Derivative of the matrix exponential with respect to its matrix argument

Question

I was trying to find the Frechet derivative of $f = \exp(X)$, where $X \in \mathbb{R}^{n\times n}$ is positive definite. I thought it ought to be $\exp(X)$.

I see results where the derivative is with respect to a scalar argument, but this question has not been asked before.

I tried to see if I could find $Df_X$ starting with $Df_X[H] = \exp(X+H) - \exp(X)$. If I can show that the right hand side evaluates to $I + XH + X^2H/2 + \ldots = \exp(X)H$, I am done.

After I use the series definition, however, I am lost because I see no reason to assume that $A$ and $H$ commute.

Please help.

EDIT Following the suggestion in the comment, I try to compute the Gateaux derivative as $\exp(X + tH)$ by writing down the first few terms.

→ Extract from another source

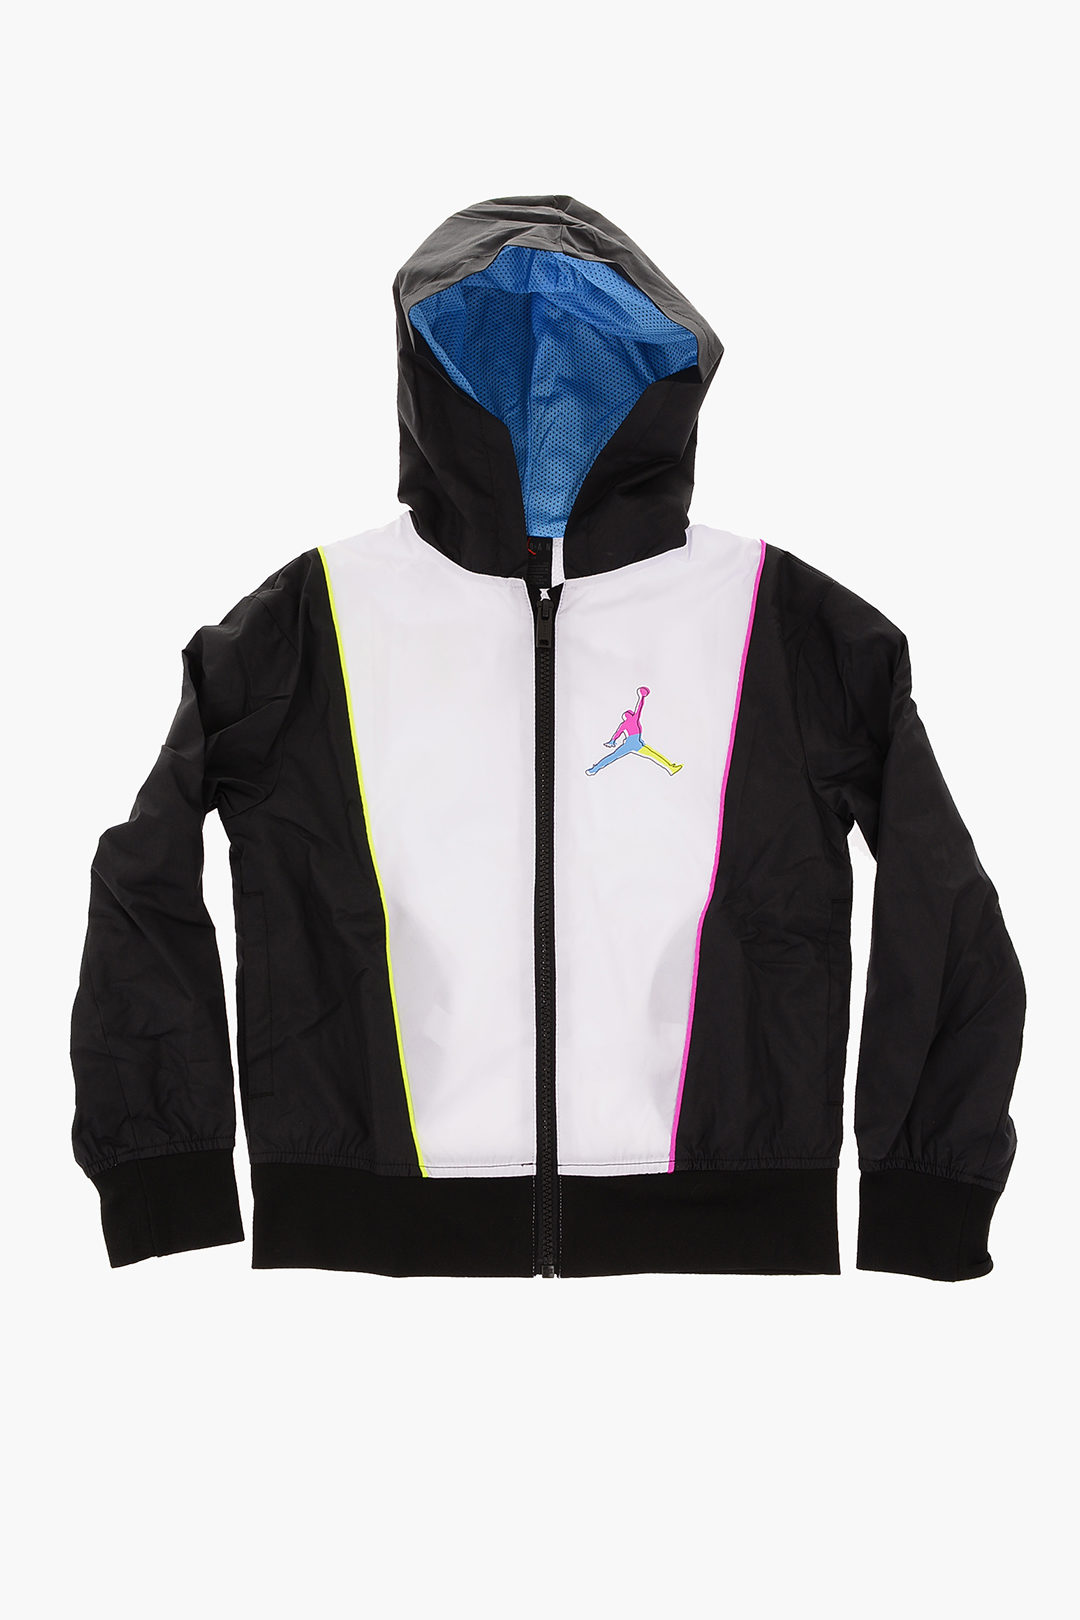 Nike Air Jordan Youth Boys Wings Hooded Fleece Lined Windbreaker Jacket  Size: L

$\exp(X+tH) = I + (X + tH) + (X^2 + tXH + tHX + t^2H^2)/2 + \cdots$

$\dfrac{d}{dt}\exp(X+tH)\Big|_{t=0} = H + (XH+HX)/2 + \cdots$

And now am stuck again. It seems the expression on the right cannot be rearranged to give what I want. I think it is the derivative of the trace of the exponential, not the exponential itself that yields $\exp(X)$

Answer 1

Let $f : \mathbb R^{n \times n} \to \mathbb R^{n \times n}$ be defined by $f (X) = \exp(X)$. Hence,

$\begin{array}{rl} f (X + h V) &= \exp(X + h V)\\ &= I_n + (X + h V) + \frac{1}{2!} (X + h V)^2 + \frac{1}{3!} (X + h V)^3 + \cdots\\ &= I_n + X + h V + \frac{1}{2!} X^2 + \frac{h}{2!} (X V + V X) + \frac{h^2}{2!} V^2 + \frac{1}{3!} X^3 + \\ &\,\,\,\,\,+ \frac{h}{3!} (X^2 V + X V X + V X^2) + \frac{h^2}{3!} (X V^2 + V X V + V^2 X) + \frac{h^3}{3!} V^3 + \cdots\\ &= f (X) + h \left( V + \frac{1}{2!} (X V + V X) + \frac{1}{3!} (X^2 V + X V X + V X^2) + \cdots\right) + \cdots\end{array}$

Thus, the directional derivative of $f$ in the direction of $V$ at $X$ is given by

$$\begin{array}{rl} D_V f (X) &= \displaystyle\lim_{h \to 0} \frac{1}{h} \left( f (X + h V) - f (X) \right)\\ &= V + \frac{1}{2!} (X V + V X) + \frac{1}{3!} (X^2 V + X V X + V X^2) + \cdots\end{array}$$

We then write

$$D_V f (X) = M_0 + \frac{1}{2!} M_1 + \frac{1}{3!} M_2 + \frac{1}{4!} M_3 + \cdots$$

where

$$\begin{array}{rl} M_0 &= V\\ M_1 &= X V + V X =: \{X,V\}\\ M_2 &= X^2 V + X V X + V X^2\\ &\vdots\\ M_k &= \displaystyle\sum_{i=0}^k X^{k-i} V X^i\end{array}$$

Answer 2

The formula given by @ user251257 is closed and not so ugly, at least when $X$ is diagonalizable and we know the (eventually numerical) decomposition $X=PDP^{-1}$ where $D=diag((\lambda_i))$. Let $f(X)=e^X$; then $Df_X(H)=\int_0^1 e^{\alpha X}He^{(1-\alpha)X} d\alpha=\int_0^1 B(\alpha) d\alpha$ is a $n\times n$ matrix; since $B(\alpha)= Pe^{\alpha D}P^{-1}HPe^De^{-\alpha D}P^{-1}$, its $(k,l)$ entry $b_{k,l}$ is in the form $\sum_{ij}u_{ij}e^{\alpha(\lambda_i-\lambda_j)}$ where $u_{ij}$ is a linear function of the $(h_{ij})$. Of course, for every $(k,l)$, $\int_0^1 b_{kl} d \alpha$ is easy to calculate (from a numerical point of view).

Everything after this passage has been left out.